Max Heinritz > Posts

Qualified identifiers (QIDs)

For database IDs, I like to use “qualified identifiers” (or “QIDs”) with a schema as follows:

qid:<reserved>:<entity-type>:<unique-identifier>

Examples:

qid::tenant:869e7dad-4e92-4e7c-9325-f2e4bc4cbf7b
qid::user:869e7dad-4e92-4e7c-9325-f2e4bc4cbf7b
qid::organization:1798e34f-2b49-4b73-afbb-9205e5387cb5
qid::location:893febfb-e7ba-4d7c-b576-18f2c907868b

The format is similar to Amazon Resource Names (ARNs) and the more general Universal Resource Name (URN) format. I first learned about the idea from Dana Powers, who introduced something similar at Flexport.

The <unique-identifier> is typically but not necessarily a UUID.

Use cases

QIDs are globally unique and fully qualified, and these properties offer some advantages over plain UUIDs or serial numeric identifiers.

Global lookup – The QID format supports global entity resolution: given a QID, get its value. This is useful for implementing the GraphQL global object specification as well as tooling for developers to quickly load QIDs and traverse associations. This can work across network-isolated services so long as there is a global registry.

Logs and error messaging – When searching through logs, it’s convenient to filter on a QID and see all logs related to that particular entity.

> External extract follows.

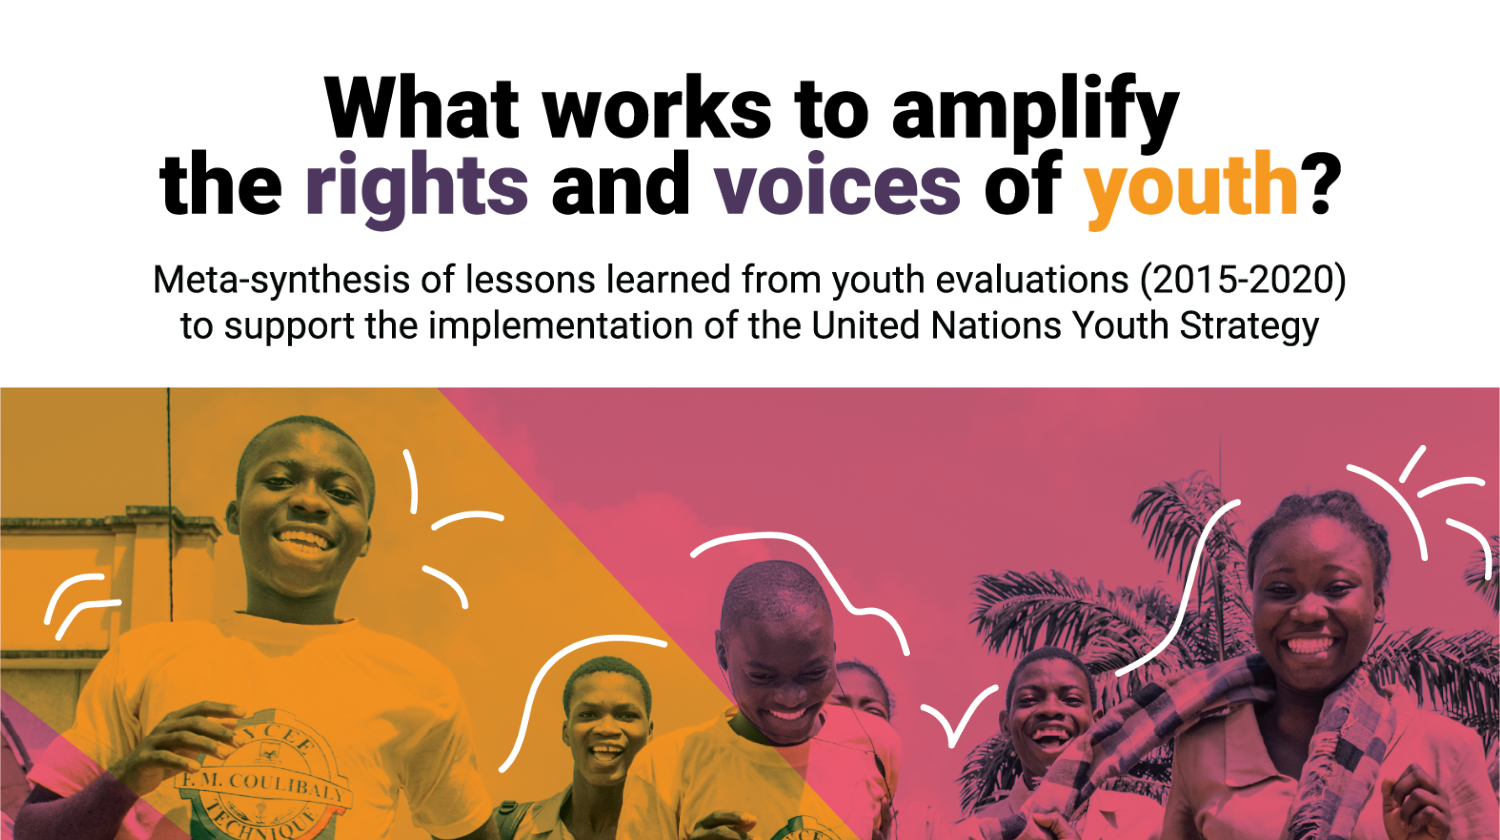 What works to amplify the rights and voices of youth?

Conversely, if you encounter a QID in a log or error message, it’s easy to resolve it to a value using the global lookup.

Data analytics – When joining rows from different tables or services, having QID values instead of unqualified identifiers makes it easier to manage and understand the result of complex joins.

Data validation – If you know an association is supposed to be to an entity of a particular type, you can parse QIDs to validate that expectation, even in situations where database-level foreign key constraints are not possible or desired.

Clearer field and column names – The term “id” is overloaded. In the past I’ve seen collisions between the GraphQL global “ID” concept and serial primary database IDs, as well as between the IDs of internal systems and external systems. Or relational database IDs vs Elasticsearch IDs, etc. With QIDs, it’s easier to disambiguate what’s what. In GraphQL-related code, an “id” can be an opaque GraphQL-specific concept, while a “QID” means something different and precise in all parts of the system: GraphQL API, database column names, REST API, gRPC, etc.

Persistence

There are two main persistence options. QIDs can be stored in full in a primary key qid TEXT-type column in Postgres, or just the UUID part can be stored in isolation in a UUID-type column. The latter offers better storage and runtime performance. But it requires additional application logic to construct/deconstruct QIDs from UUIDs and also precludes the possibility of using QIDs as foreign keys, which means losing some of the benefits of qualification. I prefer to use TEXT qid columns and have foreign references also held in columns ending in _qid.

Global look up

Global QID lookup can be implemented with a registry of query services, either gRPC or simply in-memory services within a monolith application.

Having go/ links related to QIDs can be helpful. For example:

For development, it’s nice to have versions that resolve to the development URL path (for example, localhost:4000) go/dqid/<qid> and go/dq/<qid>.

Opaque TypeScript type

A Qid can be represented with an opaque type like this, rather than just be represented as a string:

export type Qid = string & { readonly [$qid]: true };
declare const $qid: unique symbol;

GraphQL custom scalar type

A Qid type can be registered as a GraphQL scalar using something like this on the backend and something like this on the frontend.

Domain prefixes

In some iterations, I’ve used a <service-or-domain-prefix> prior to the entity type. For example, the domain prefixes “ta” (tenant administration) and “nt” (transportation network) could be akin to s3 or ec2 in the AWS ecosystem. So a QID might look like:

qid::ta:tenant:869e7dad-4e92-4e7c-9325-f2e4bc4cbf7b

But the problem with this is that if you want to rearrange code or shift domain boundaries, it involves a data migration when this prefix changes. Whereas with the entity type only, it’s possible to move an entity from one domain to another simply by moving code.